1. A semi-conductive roll comprising a shaft, a low-hardness base layer formed on an outer circumferential surface of said shaft, and a coating layer formed by coating radially outwardly of said low-hardness base layer, said coating layer comprising one of a rubber material and an elastomer material that is crosslinked by at least one thermosetting resin crosslinking agent having one of an aromatic ring structure and a heterocyclic structure, said at least one thermosetting resin crosslinking agent comprising one of a phenol-formaldehyde resin of a resol type and a xylene-formaldehyde resin of a resol type.

2. The semi-conductive roll according to claim 1, wherein said at least one thermosetting resin crosslinking agent is included in an amount of 1-60 parts by weight per 100 parts by weight of a total amount of said thermosetting resin crosslinking agent and said at least one of said rubber material and said elastomer material.

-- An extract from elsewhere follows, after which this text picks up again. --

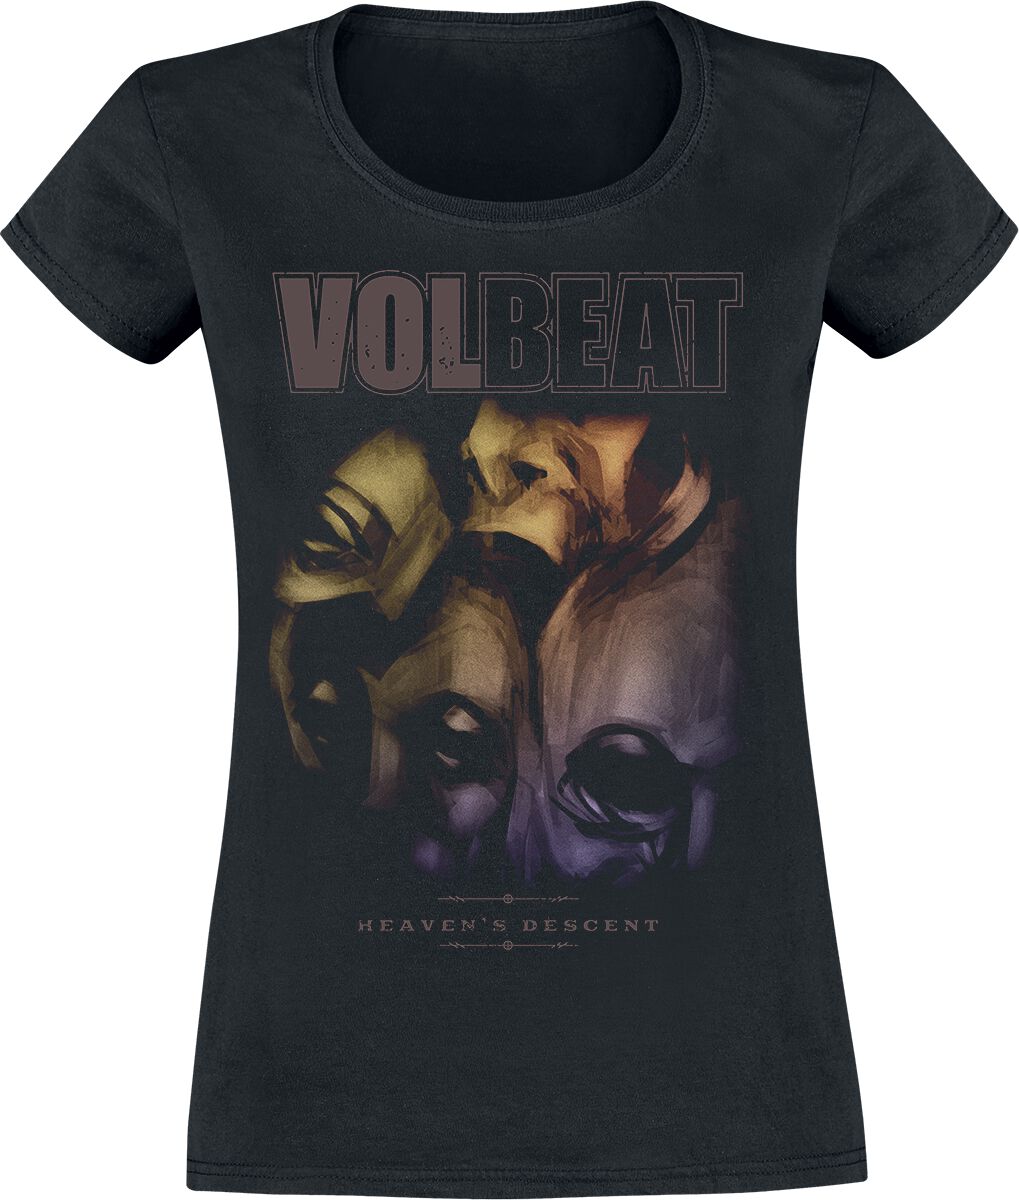 T-Shirt Manches courtes de Volbeat - Heavens Descent - S à XXL - pour Femme - noir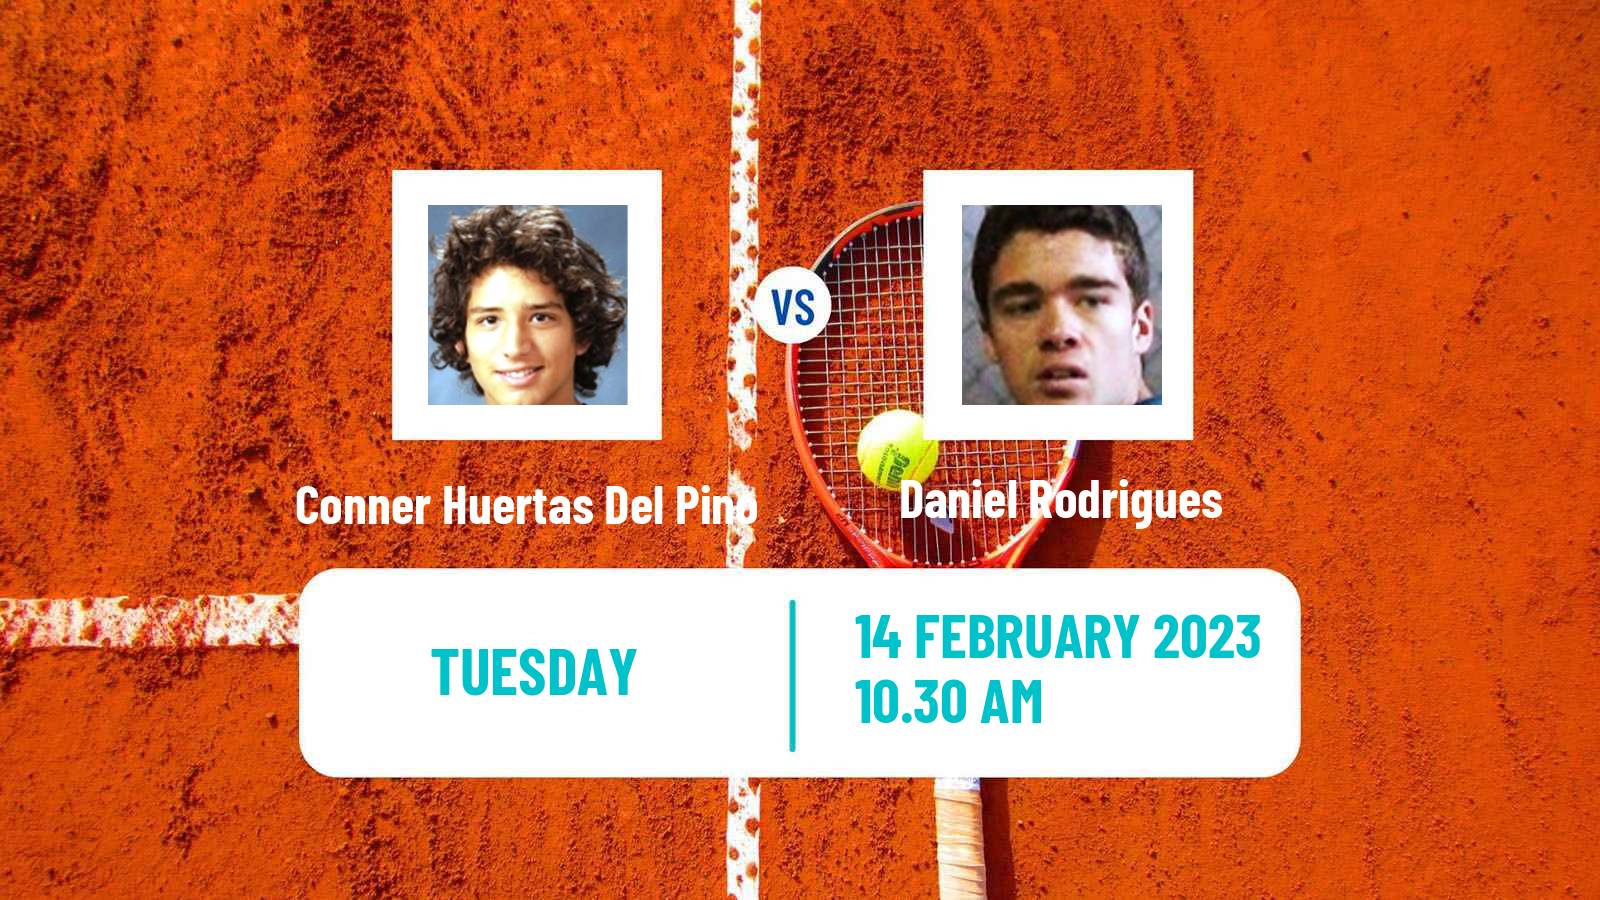 Tennis ITF Tournaments Conner Huertas Del Pino - Daniel Rodrigues

3. The semi-conductive roll according to claim 1, wherein said at least one thermosetting resin crosslinking agent is included in an amount of 10-50 parts by weight per 100 parts by weight of a total amount of said thermosetting resin crosslinking agent and said at least one of said rubber material and said elastomer material.

4. The semi-conductive roll according to claim 1, wherein said rubber material is an acrylonitrile-butadiene rubber having an acrylonitrile content of at least 30%.

5. The semi-conductive roll according to claim 1, wherein said coating layer has a volume resistivity in a range of 1×10³−1×10¹² Ω·cm.

6. The semi-conductive roll according to claim 1, wherein said coating layer has a thickness in a range of 1-200 μm.

7. The semi-conductive roll according to claim 1, wherein said low-hardness base layer comprises a solid elastic body.

8. The semi-conductive roll according to claim 1, wherein said low-hardness base layer comprises a foamed elastic body.

9. The semi-conductive roll according to claim 1, wherein said low-hardness base layer has JJS-A hardness in a range of 5°-50°.

10. The semi-conductive roll according to claim 1, wherein said low-hardness base layer comprises at least one electrically conductive agent such that said low-hardness base layer exhibits electrical conductivity.